Mason Trillon didn’t know what was going on in town. He’d left his truck at the edge of the highway and trekked deep into the woods. His backpack was already leaving blisters on his shoulders and the tent he’d rigged up during the night hadn’t kept him dry – the rain had blown in sideways. Still, he kept slogging through the mud, determined to leave behind the boy his mother saw when she looked at him. He had a compass, and he was confident he could retrace his steps, but Mason hadn’t considered how rain can rearrange the land.

Cold and tired, he realized that bringing only power bars and water hadn’t been the best idea. He felt queasy. He was trying to use all the rage he’d collected in his young life to keep him going. But anger isn’t the best navigator. It turns your eyes inward, makes you blind to the outside world.
Mason stepped over a log and onto some deadfall, expecting to land on muddy ground. But the thin webbing of twigs collapsed. He went down and felt something in his ankle tear. The compass flew out of his hand and vanished.

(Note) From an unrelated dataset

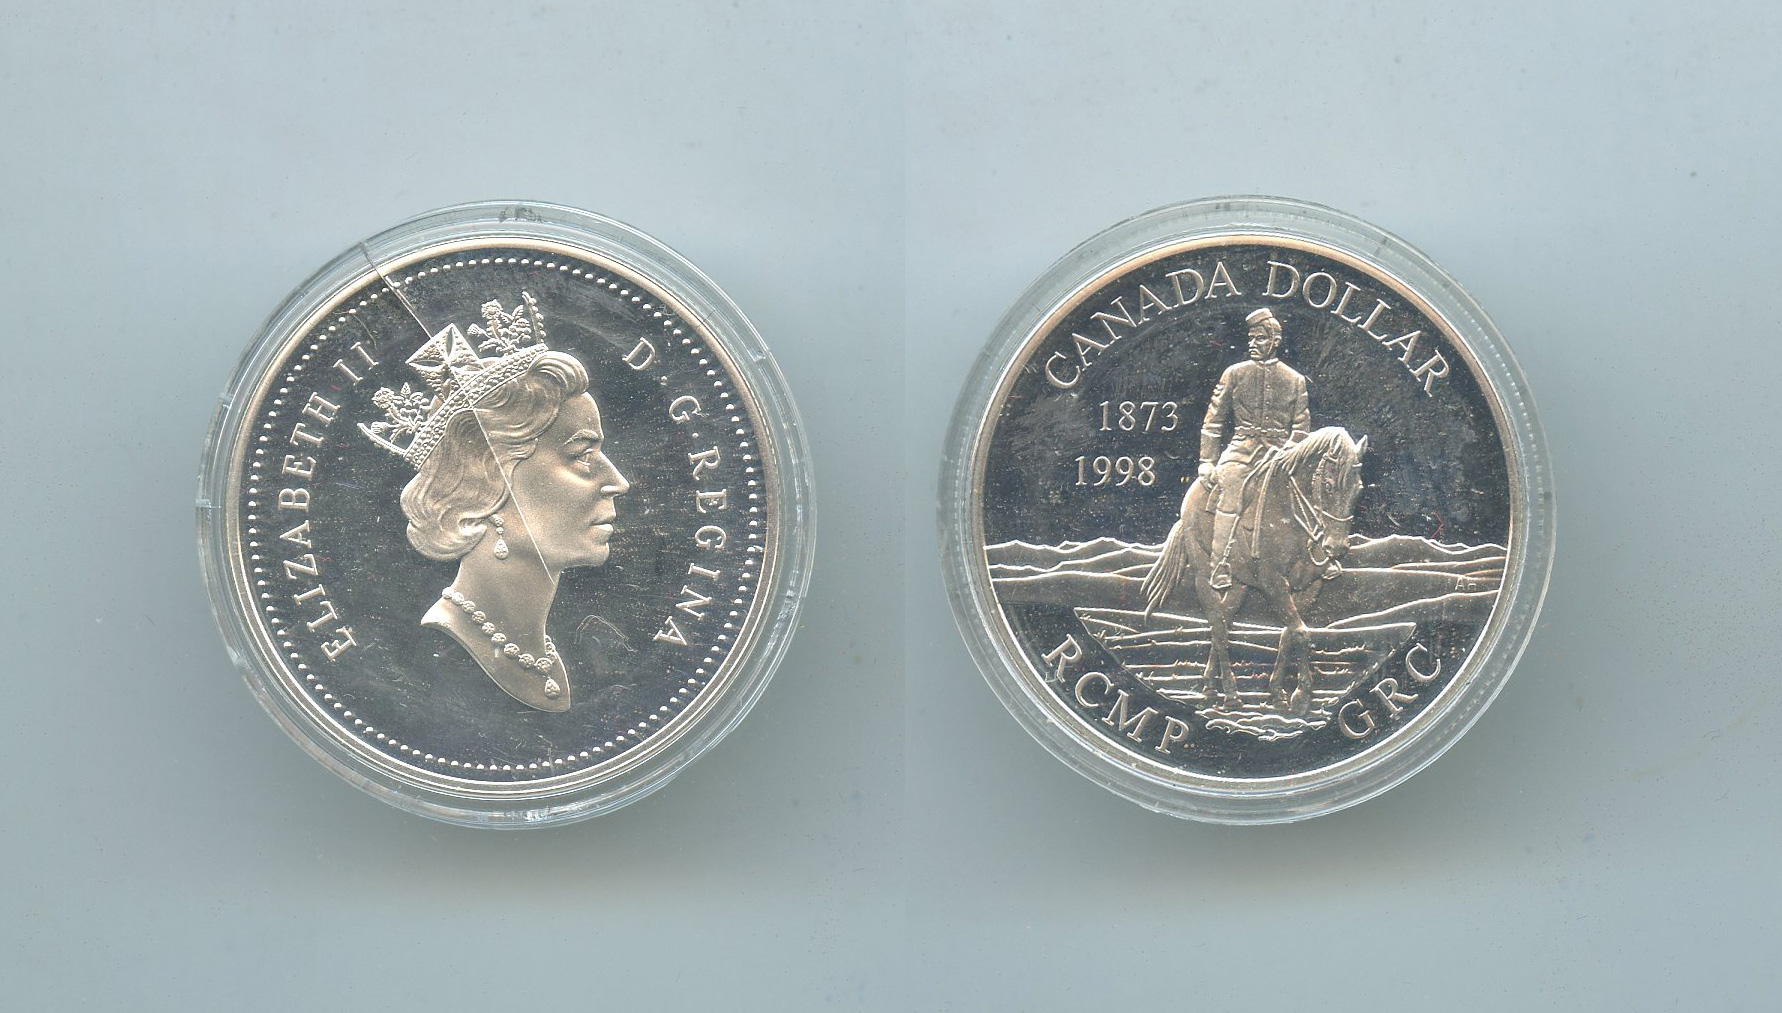 CANADA, Elizabeth II, Dollar 1998 "120Â° Royal Canadian Mounted Police"

He took his backpack off so he’d be lighter, but he couldn’t put any weight on his left ankle. Tears and rain blurred his eyes and he hated himself for his weakness. He’d wanted to be tough but he was who he’d always been — the boy huddled in closets and corners while his father beat his mother.
Mason limped on, hoping he was retracing his steps, but the landscape didn’t look familiar anymore. He was lost and he knew it.

Back in Havenwood, his mother had heard the talk about the tiger, how it might be the ghost of the man buried on the hill. Maybe it’s true, Geri Trillon thought, looking out at the rain. She knew her son needed a miracle. She knew her cruel words were hot coals in his heart, and she wished she could take them back. But words aren’t like that. They form red welts that harden into scars, much like the scars along Geri’s arm and ribs.

She pulled on her rain parka, grabbed an umbrella, and headed for Ida’s Coffee Shop where she knew many townspeople were gathered.

“All I can tell you is something miraculous happened to me,” Marni Drexler was saying when Geri walked through the glass door, a flurry of wind and rain coming in with her.

Marni wasn’t wearing her usual scarf, and while it was startling to see her baldness, it was also strangely lovely. Her skin seemed to glow and pulse, like new blood was flowing.

“Well, I’ll tell you this,” Bettina Williams told the crowd. “It’s very inappropriate to respond to miracles with guns. We have to send these men away.”

Everyone agreed, and that’s how the residents of Havenwood ended up in a human barricade, standing across Main Street as a Fish and Game truck arrived in town. Clive Drexler took charge, stepping forward.

“Go away!” he shouted.

Quincy Trask and Leland Hayes got out of their official vehicle. They were not accustomed to being challenged.

“We’re here to help,” Leland told the townspeople.

“This is a dangerous animal,” Quincy added.

“No, this is an animal who’s bringing miracles! Now go away!” a woman shouted.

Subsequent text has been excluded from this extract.